### The data
--

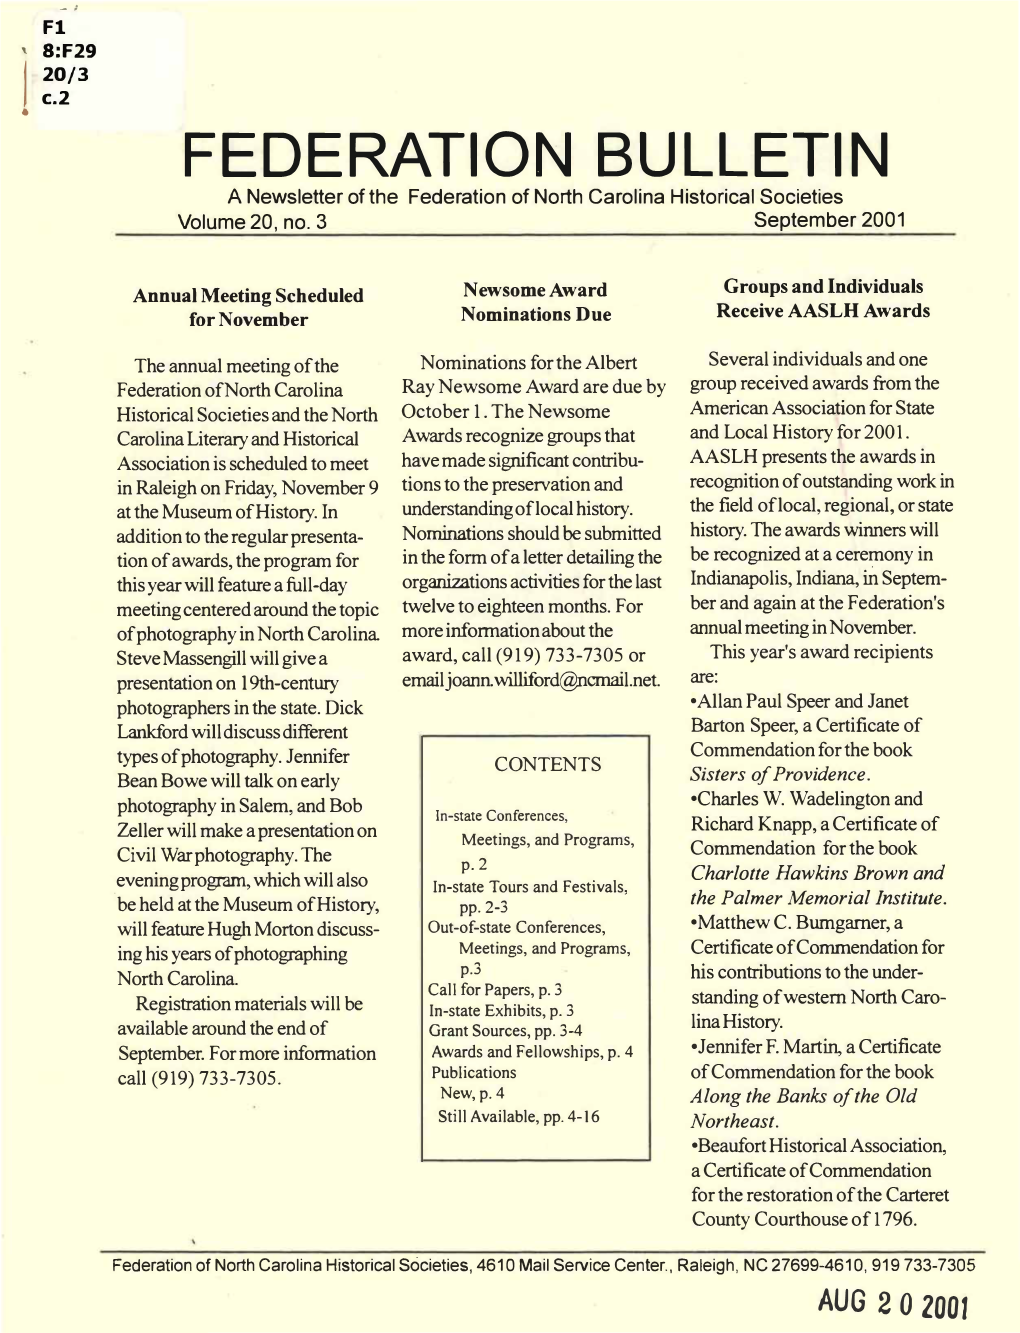 FEDERATION BULLETIN a Newsletter of the Federation of Northcarolina Historical Societies Volume 20, No
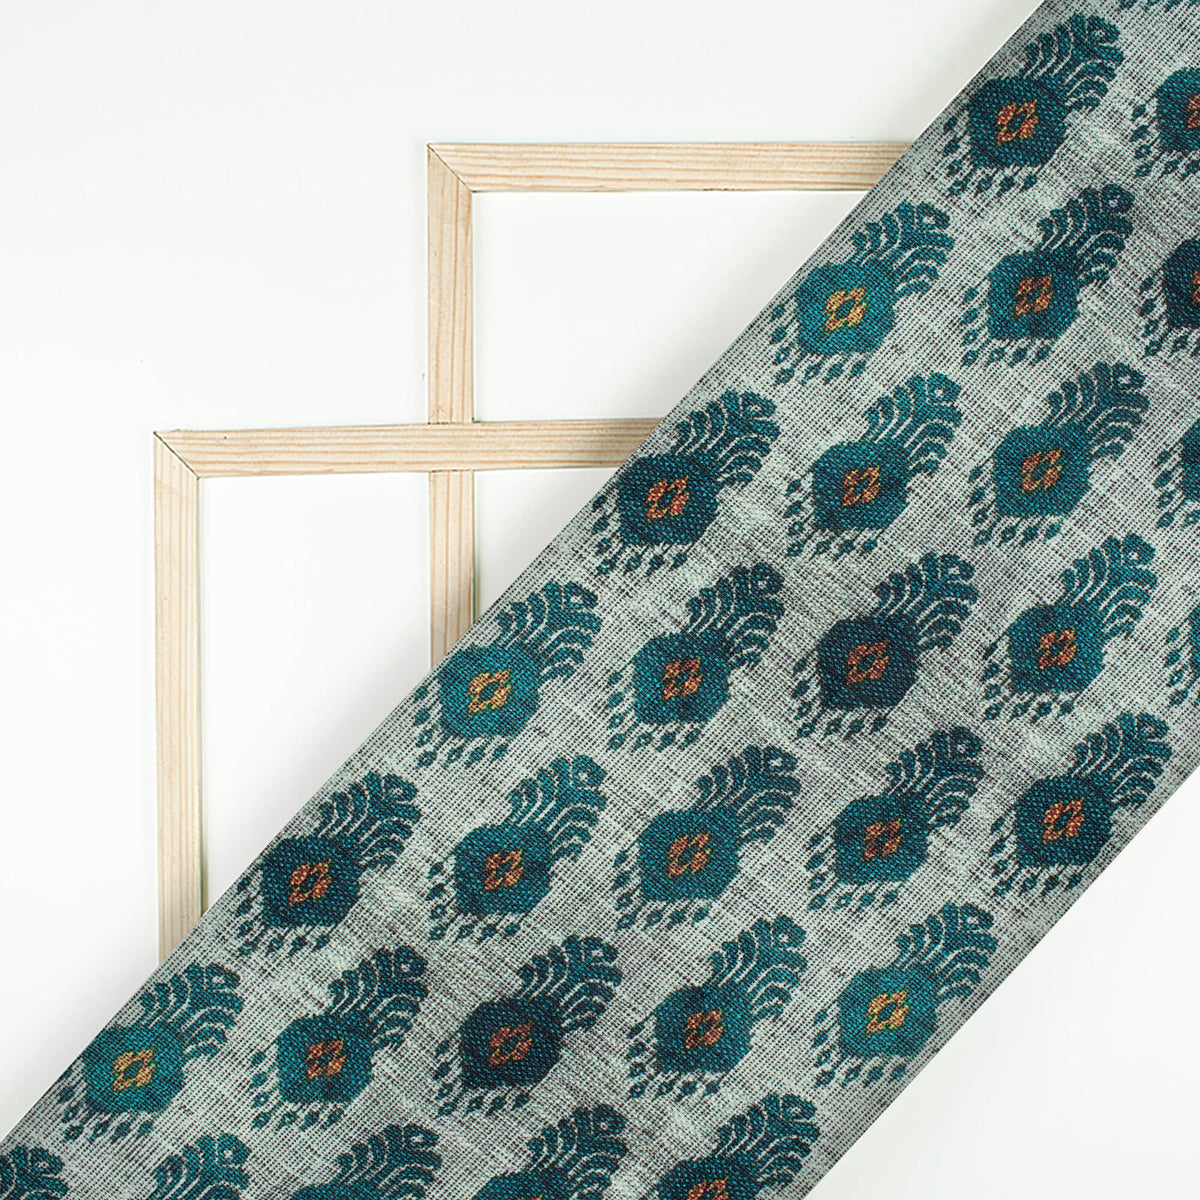 Steel Grey And Pine Green Ethnic Pattern Digital Print Linen Textured Fabric (Width 56 Inches)
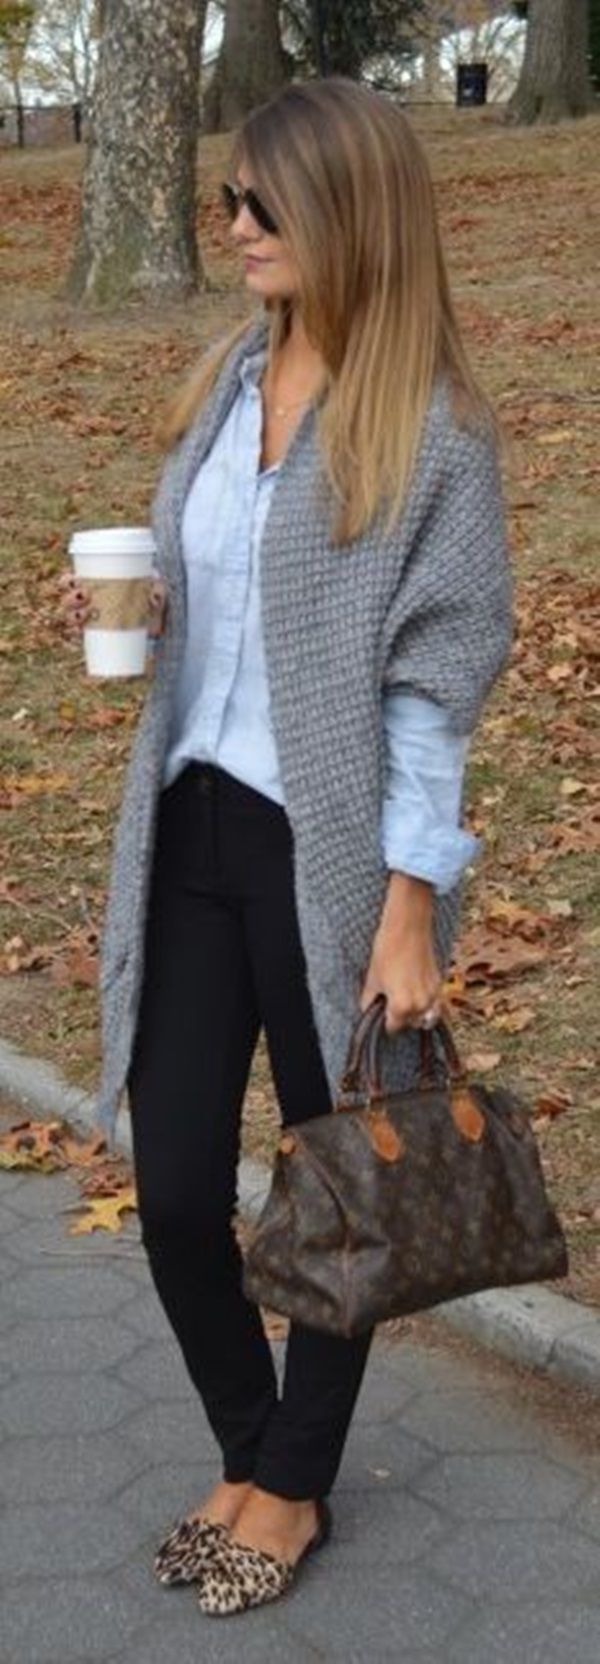 I would wear this all the time through Autumn/Winter. Just a perfect casual outfit!
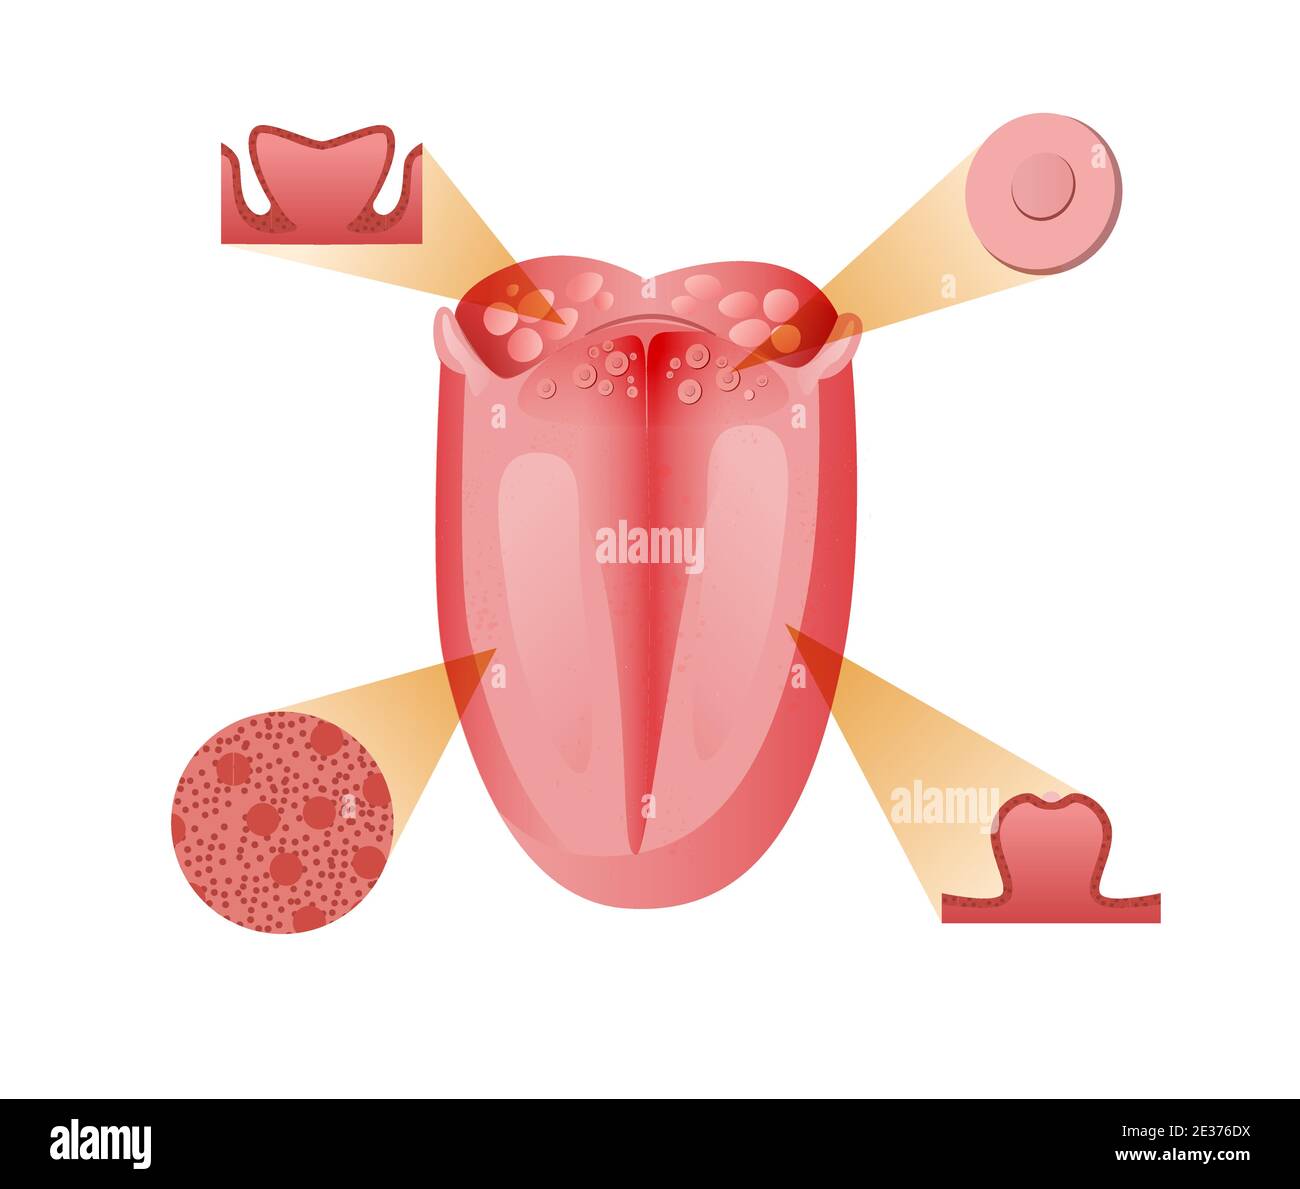 Main receptors and cells tongue. Basic bitter sensation receptor with schematic sour red sweet and salty flavor. Stock Vector

--

What you need to copy is the run of lines from the one holding "Steel Grey And" through the end of the data, exactly and only, both ends included, pictures omitted.

### Task answer
 Steel Grey And Pine Green Ethnic Pattern Digital Print Linen Textured Fabric (Width 56 Inches)
 I would wear this all the time through Autumn/Winter. Just a perfect casual outfit!
 Main receptors and cells tongue. Basic bitter sensation receptor with schematic sour red sweet and salty flavor. Stock Vector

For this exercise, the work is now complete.